Bitcoin skilled a uncommon two-block reorganization on Monday, with competing blocks at heights 941881 and 941882 briefly splitting the community earlier than Foundry USA Pool’s department got here out on prime.
How the reorg unfolded
The occasion started when a number of miners discovered legitimate blocks at almost the identical time, creating a short lived fork.
Foundry mined its personal model of block 941881 whereas AntPool produced a competing block on the identical peak.
ViaBTC then prolonged the AntPool department with block 941882, whereas Foundry concurrently constructed an alternate model of the identical block by itself chain.
Foundry in the end mined seven consecutive blocks on its department, making it the heaviest chain by cumulative proof of labor.
Consequently, the blocks mined by AntPool and ViaBTC grew to become stale — legitimate blocks that fell exterior Bitcoin’s canonical ledger, which means these miners acquired no rewards for them.
Pool dimension and hashrate
Foundry’s dominance in community hashrate probably influenced the end result.
Foundry USA Pool controls roughly 32.2% of Bitcoin’s hashrate, in contrast with 15.7% for AntPool and seven.2% for ViaBTC.
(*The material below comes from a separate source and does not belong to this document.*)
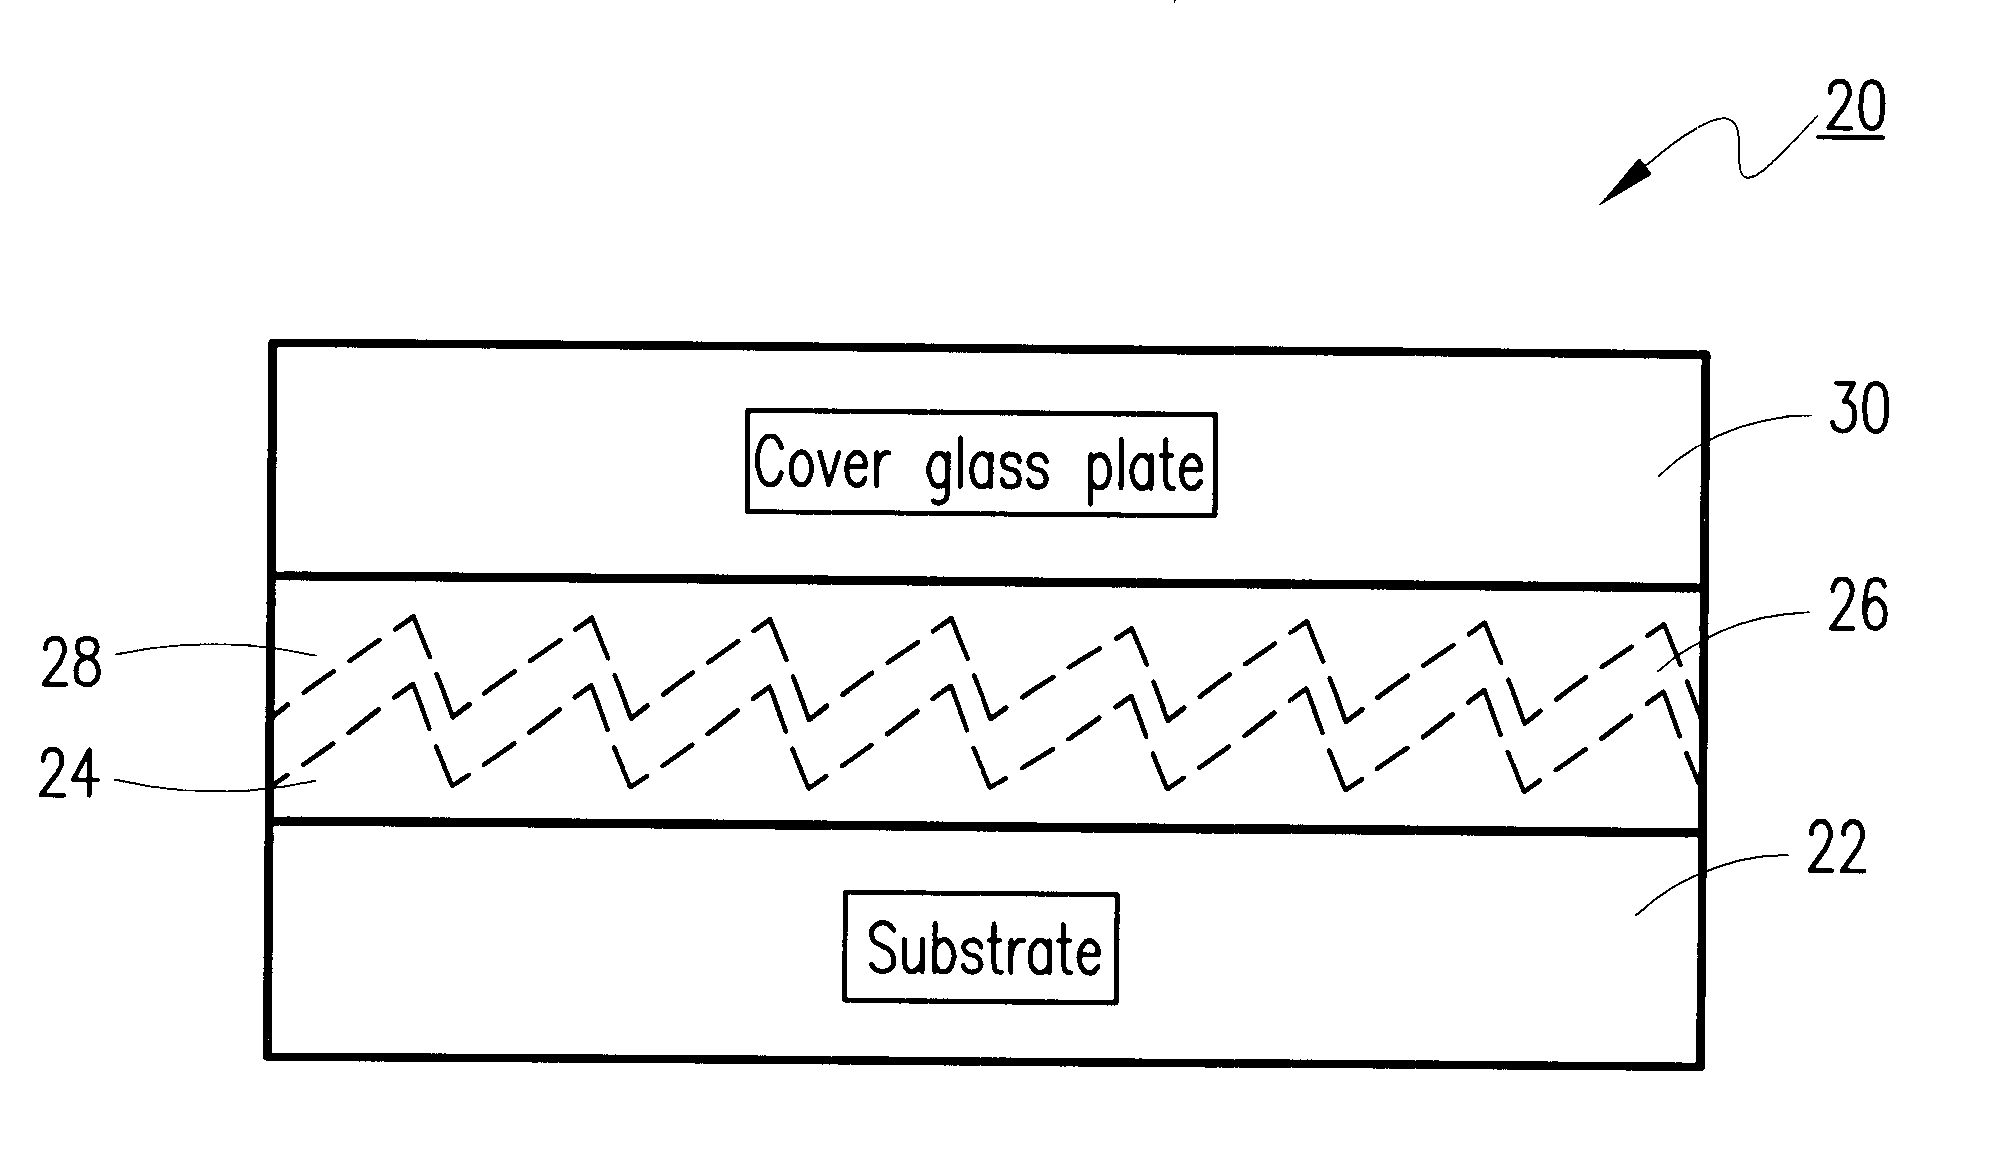 Diffraction grating for wavelength division multiplexing/demultiplexing devices

Bitcoin developer “b10c” famous {that a} pool’s likelihood of discovering the subsequent block is proportional to its share of whole hashrate, which means bigger swimming pools have a pure statistical edge throughout short-lived forks.
What occurred to the displaced transactions
Transactions included within the stale blocks weren’t misplaced.
They both already existed within the successful chain or returned to the mempool for attainable inclusion in later blocks.
The episode displays Bitcoin’s consensus guidelines working as designed — nodes reorganized to the heavier chain, restoring a single canonical historical past.
Whereas single-block reorganizations happen often, a two-block occasion is much less frequent however nonetheless a identified consequence of near-simultaneous block discovery and unusual community propagation.